Гипнотизирующее всё-таки зрелище.

Кап-кап-кап….

Тишина. Только шум ветра, пение птиц за окном, да отдаленные разговоры где-то там, за дверью. Медсёстры, все кто были в палате ушли, теперь кроме неё одной здесь никого не было, можно было остаться наедине с собой и собственными мыслями, хотя худшей компании в сложившейся ситуации и придумать было нельзя.

Свободной рукой Настя достала из кармана джинсов свой телефон. Открыла галерею, в которой была лишь одна единственная фотография. Каждая деталь выучена наизусть: глаза, безоблачно голубые, волосы светлые, цвета колосьев пшеницы. Интересно всё-таки, куда же он там так сосредоточенно смотрит? Такой важный. Что увидел там вдали?

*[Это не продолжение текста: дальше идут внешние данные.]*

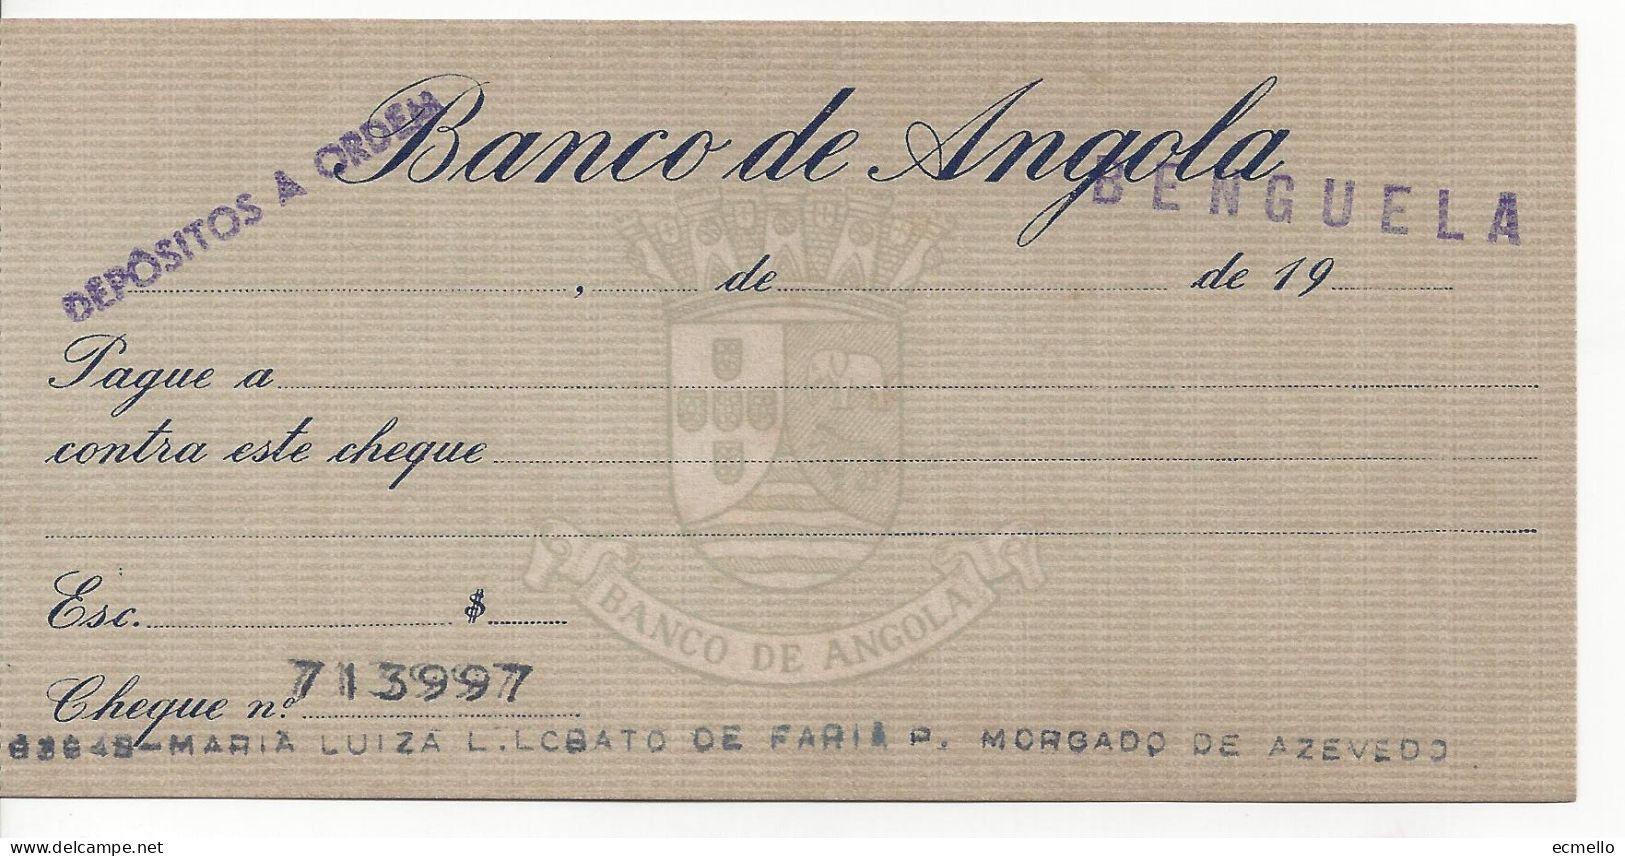 PORTUGAL ANGOLA CHEQUE CHECK BANCO DE ANGOLA, BENGUELA, 1950'S SCARCE - Cheques En Traveller's Cheques

Образ его, казалось бы, какое-то время назад буквально – такой реальный, близкий, живой, осязаемый, только коснись рукой…

Но сейчас это невозможно. Об этом невозможно и помыслить.

Он ничего не знает.

И не должен узнать.

Настя вновь посмотрела на капельницу.

Кап-кап, кап-кап…

Капали минуты бесконечно долгие. Она вновь перевела взгляд на фото.

– Всё ради тебя. Ради тебя просто не могу сдаться. Должна ещё пожить…

Улыбка с оттенком какой-то ядовитой тоски скользнула по мягкому, слегка утомленному лицу Насти.

– Я ведь обещала тебе. Сохранить по крупицам, что возможно от прежней жизни, нашего прежнего мира. Обещала дальше жить. А значит, никак иначе. Буду.